§ SOURCE DATA
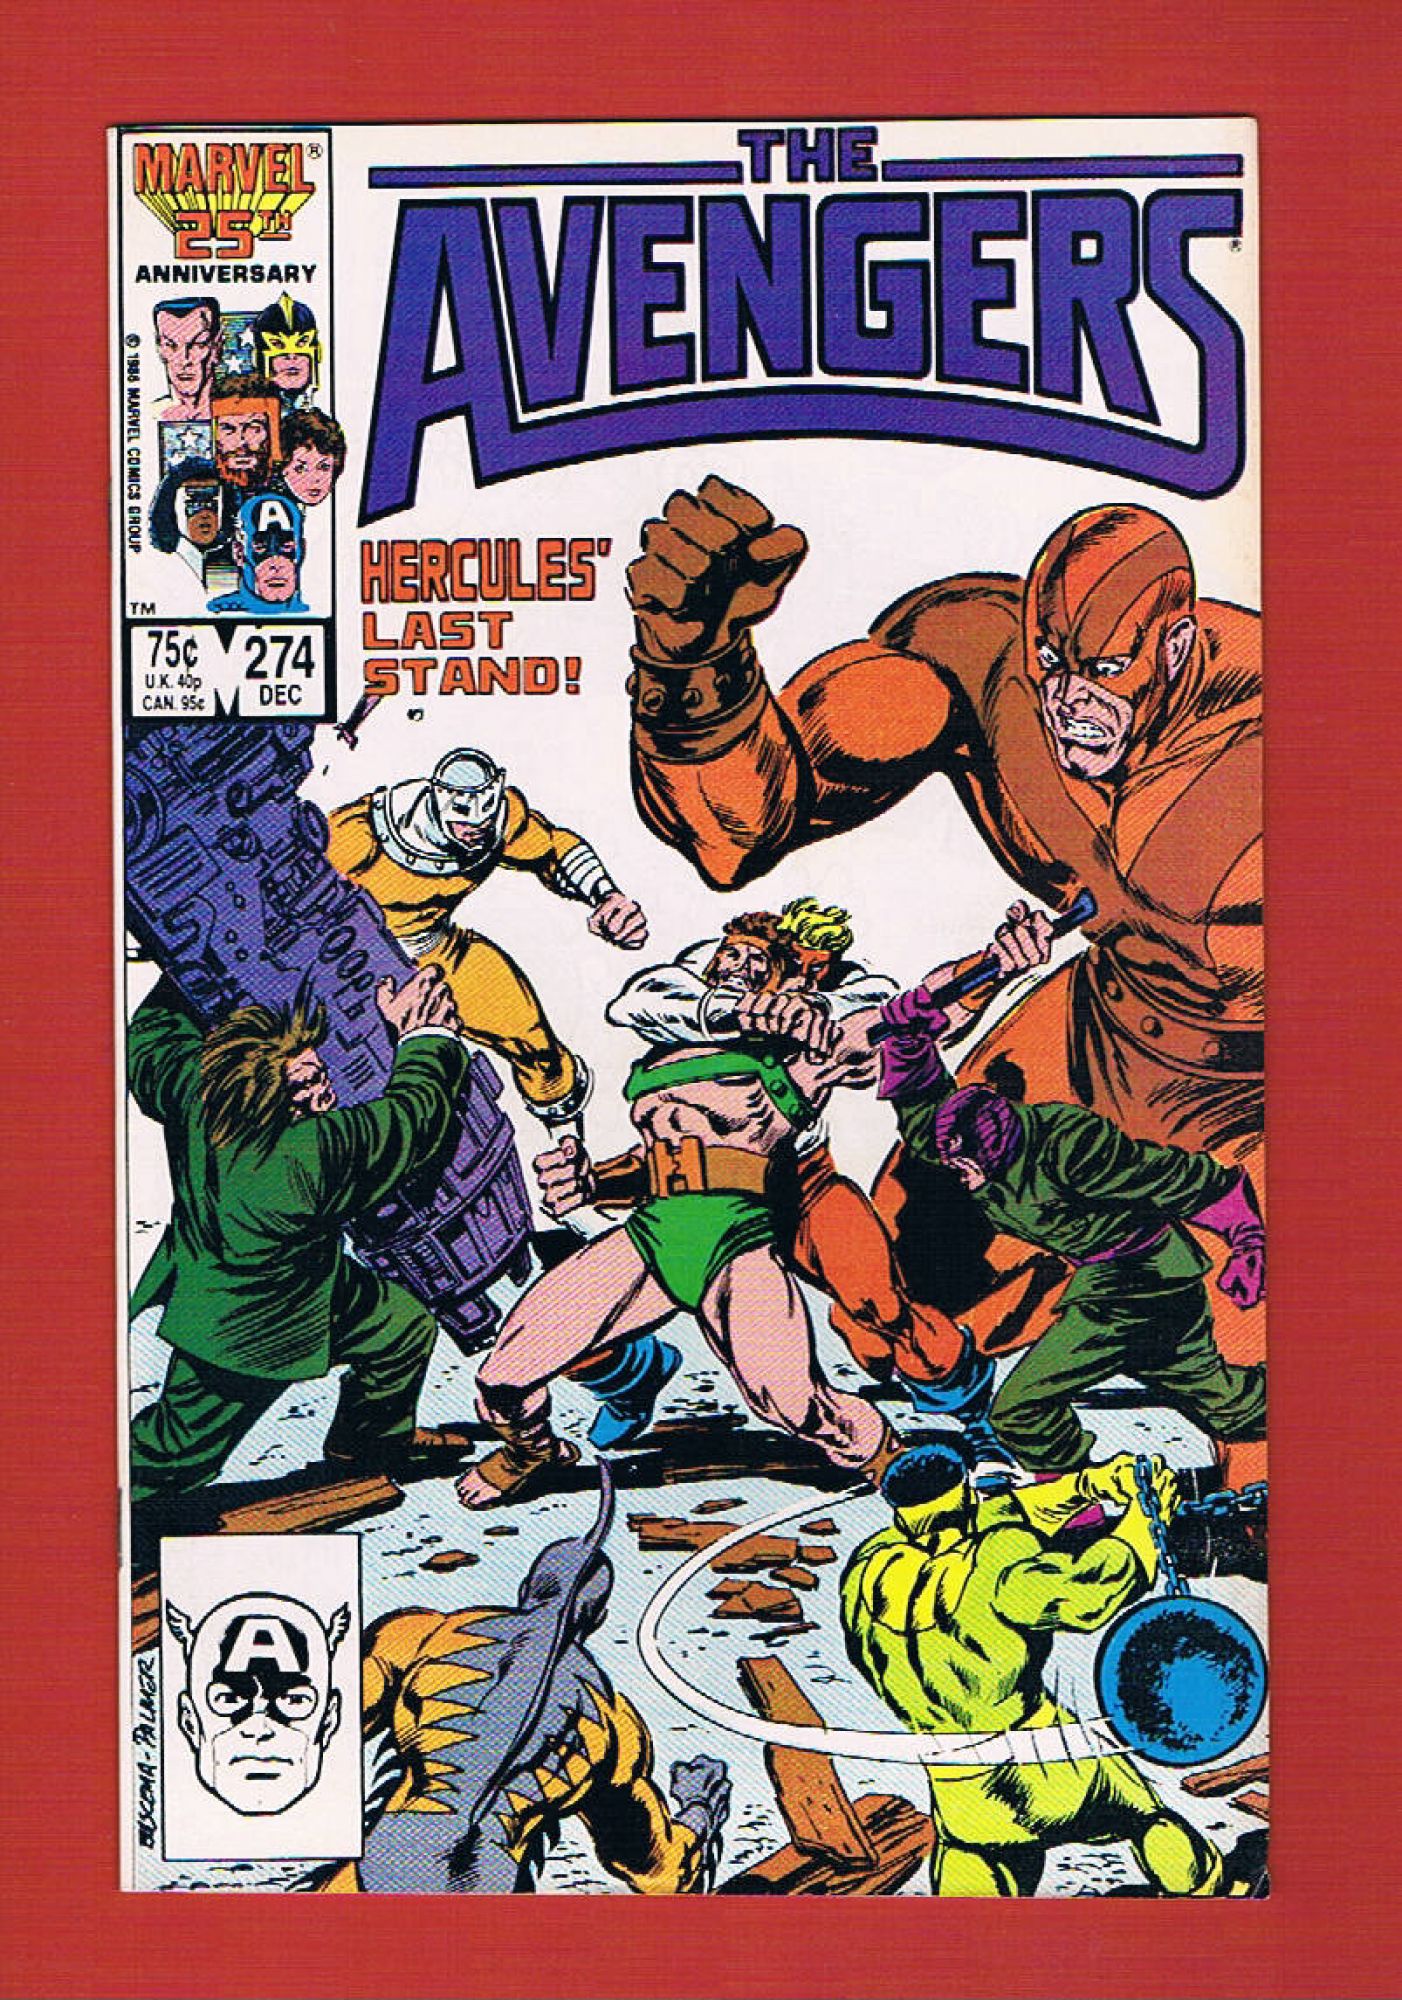 Avengers #274, Dec 1986, 8.5 VF+
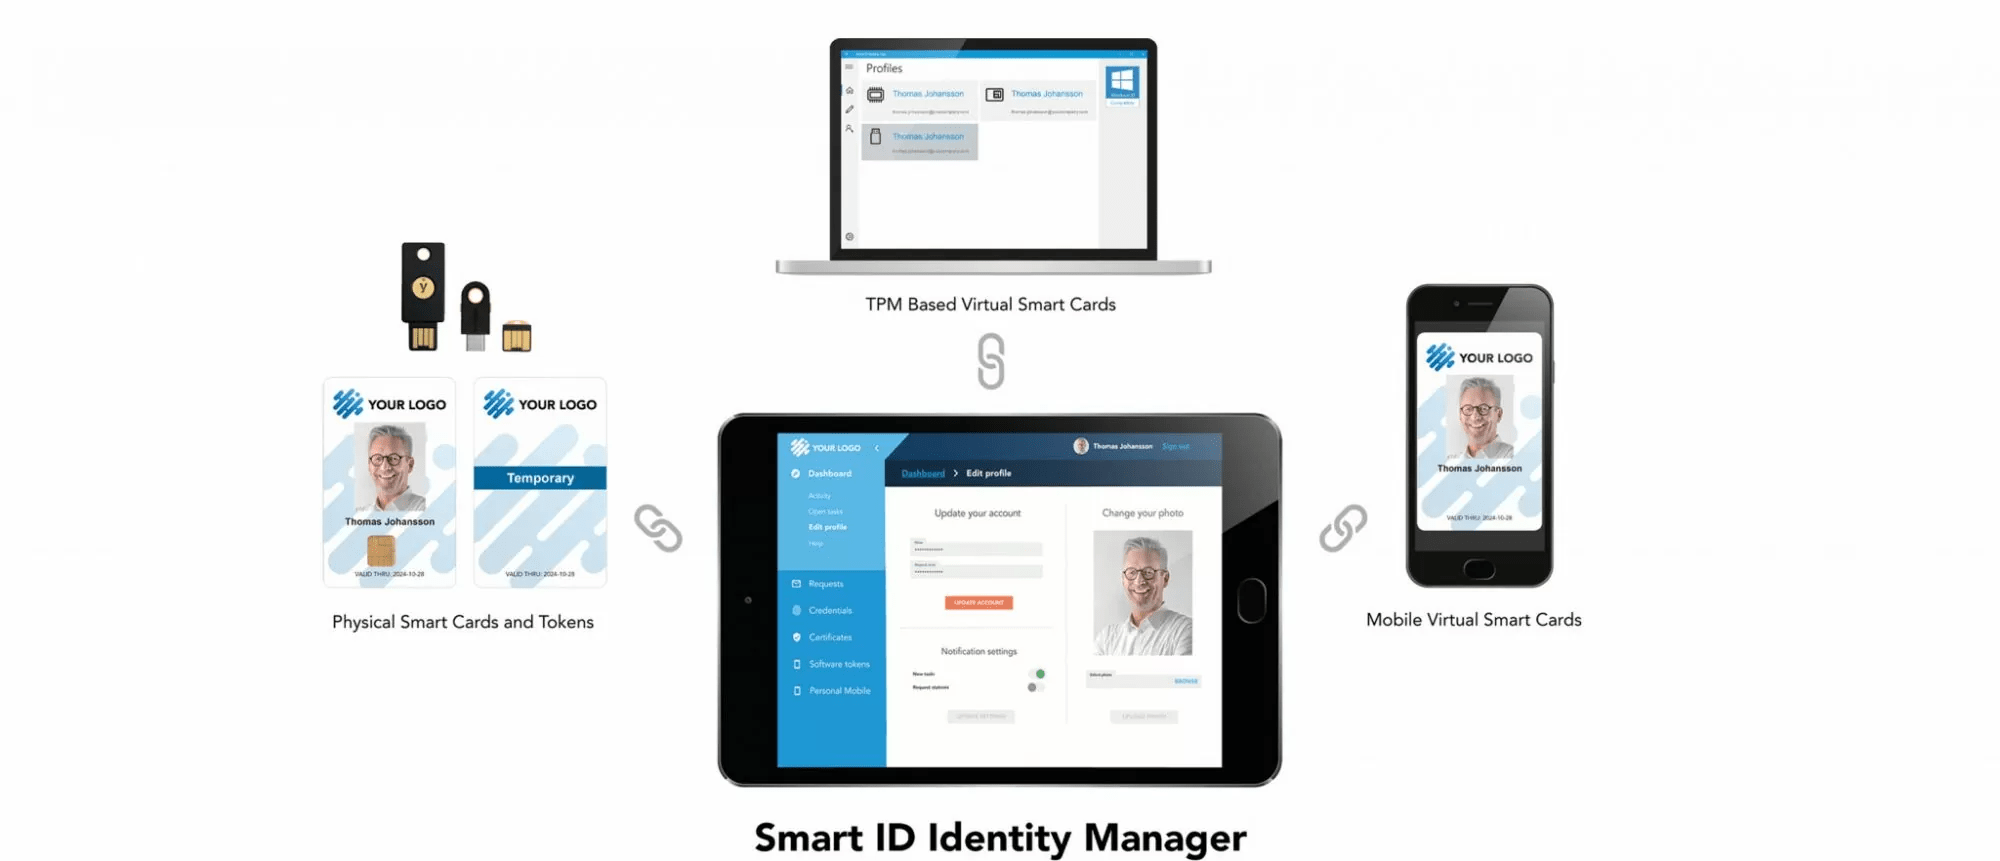 Nexus - Digital ID Management for Workforce
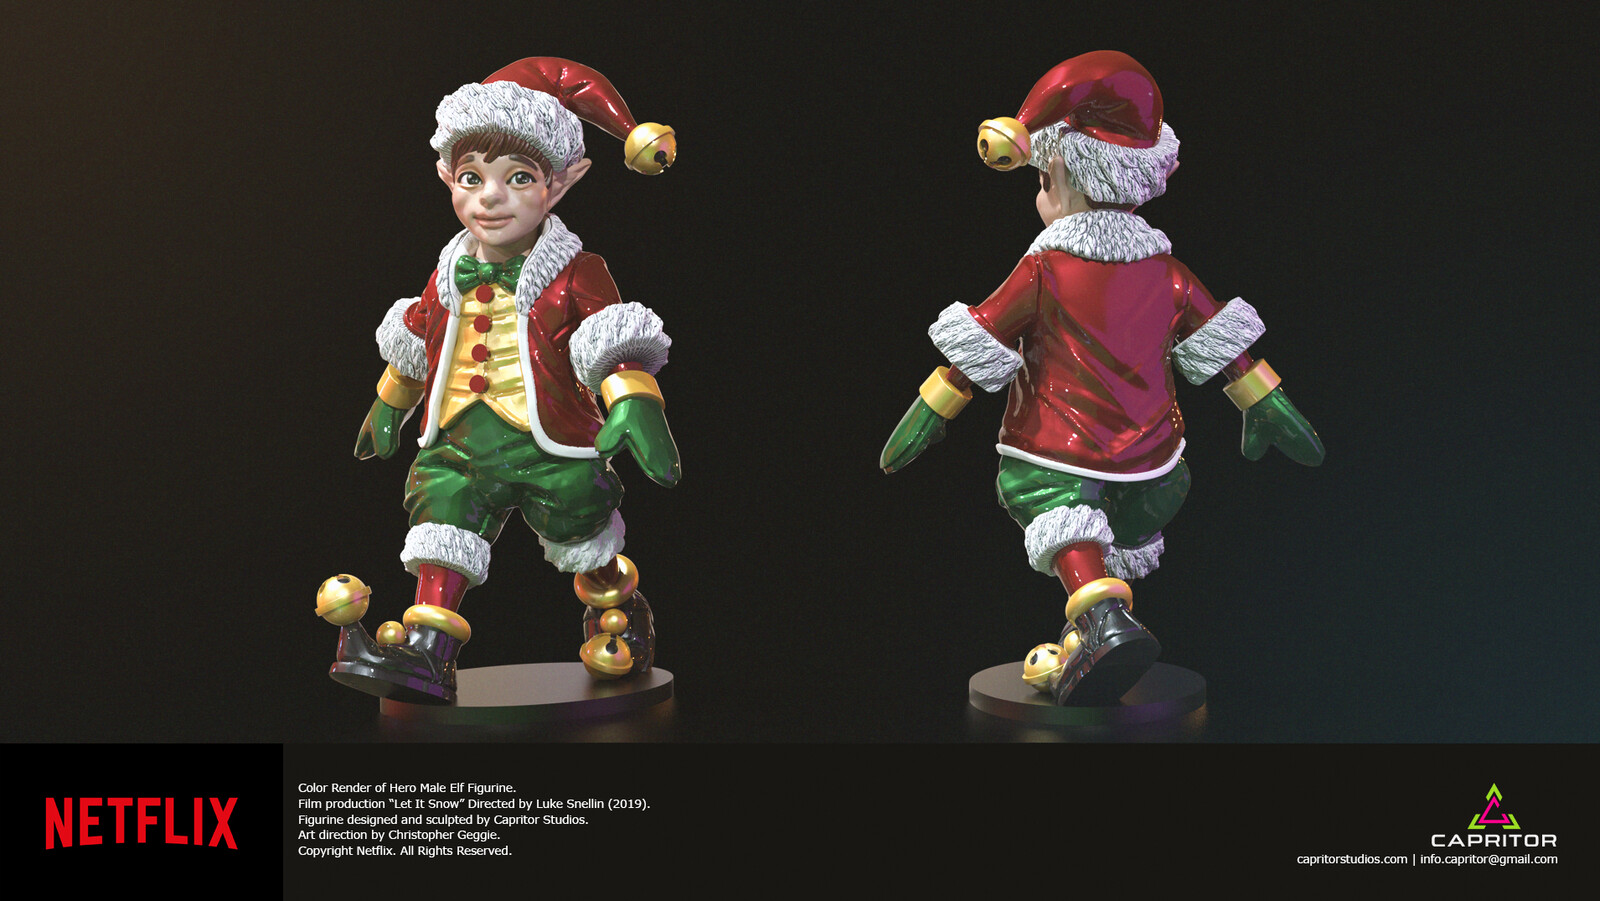 Hero "Male Elf" Figurine Color Render
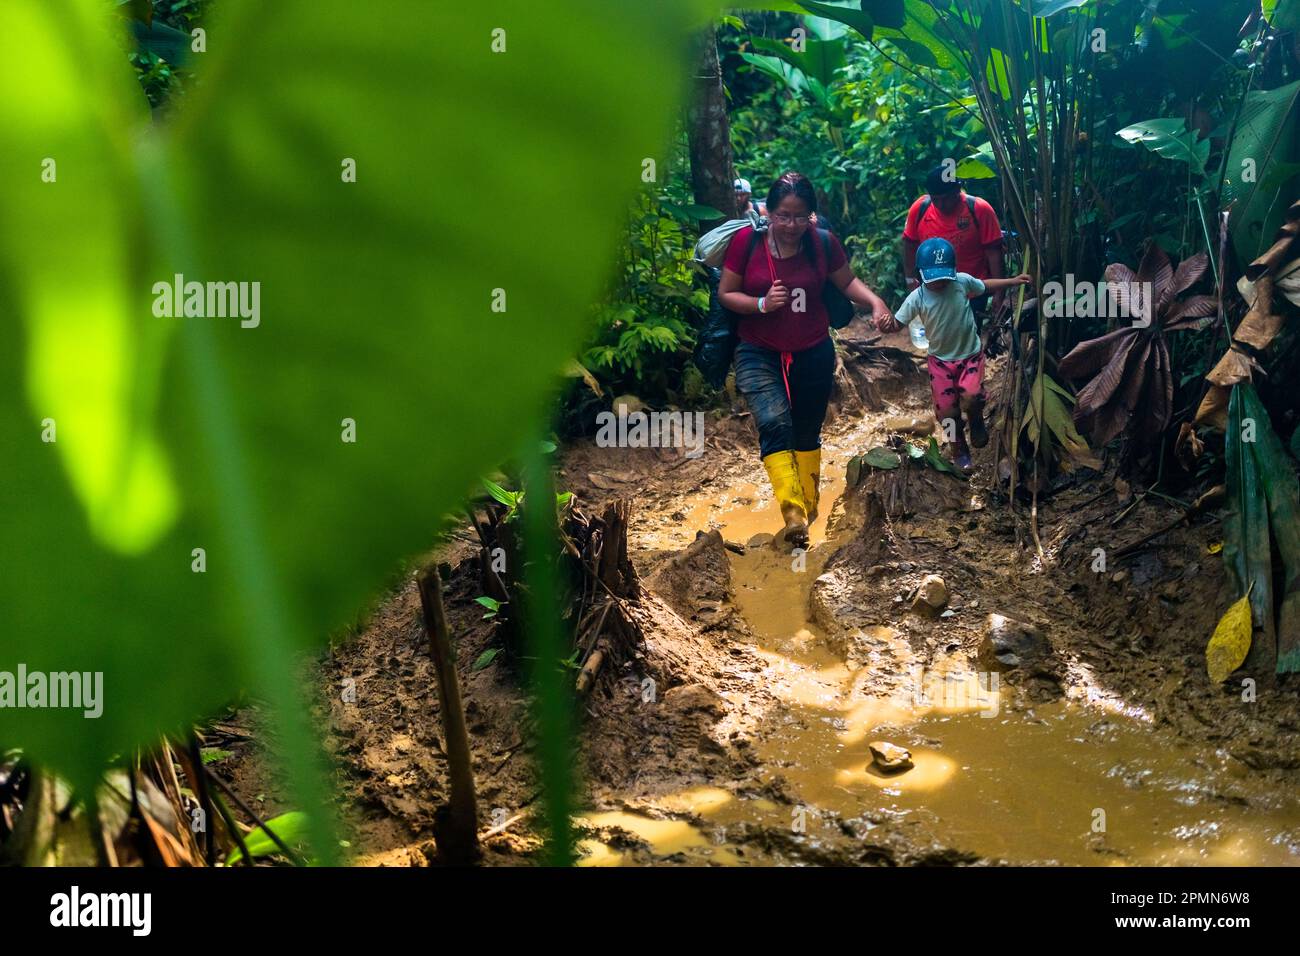 Un immigrato ecuadoriano, accompagnando sua figlia, cammina attraverso un sentiero fangoso nella giungla pericolosa del Darién Gap tra Colombia e Panamá. Foto Stock
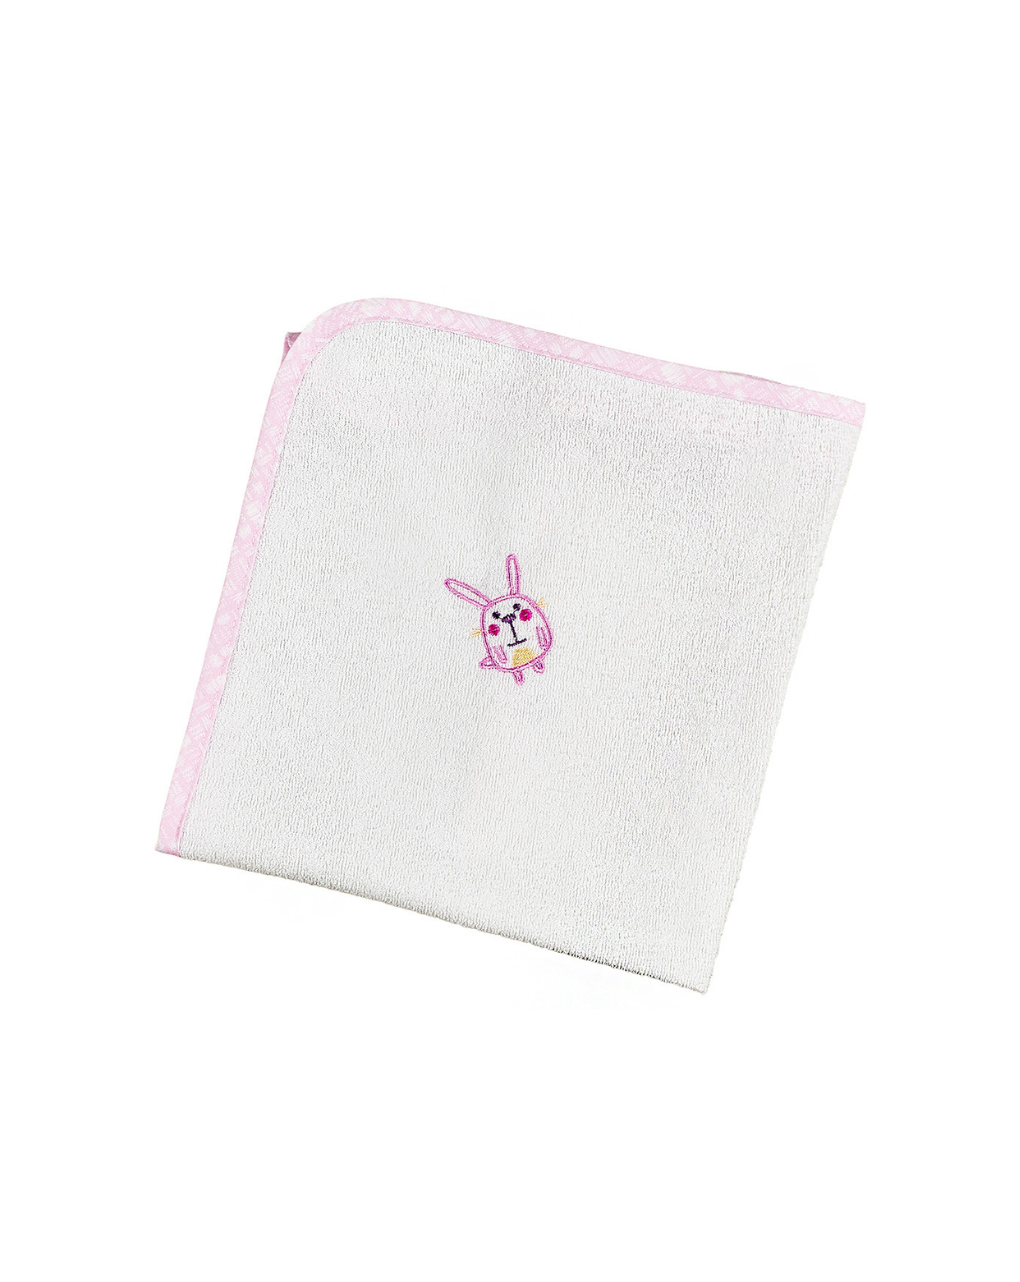 ο κόσμος του μωρού σελτεδάκι 60x80 cm πλαστικοποιημένης πετσέτας elephant ροζ 11221

§ TASK
Type the material out again exactly. Skip the pictures.

§ ANSWER SPACE
 Avengers #274, Dec 1986, 8.5 VF+
 Nexus - Digital ID Management for Workforce
 Hero "Male Elf" Figurine Color Render
 Un immigrato ecuadoriano, accompagnando sua figlia, cammina attraverso un sentiero fangoso nella giungla pericolosa del Darién Gap tra Colombia e Panamá. Foto Stock
 ο κόσμος του μωρού σελτεδάκι 60x80 cm πλαστικοποιημένης πετσέτας elephant ροζ 11221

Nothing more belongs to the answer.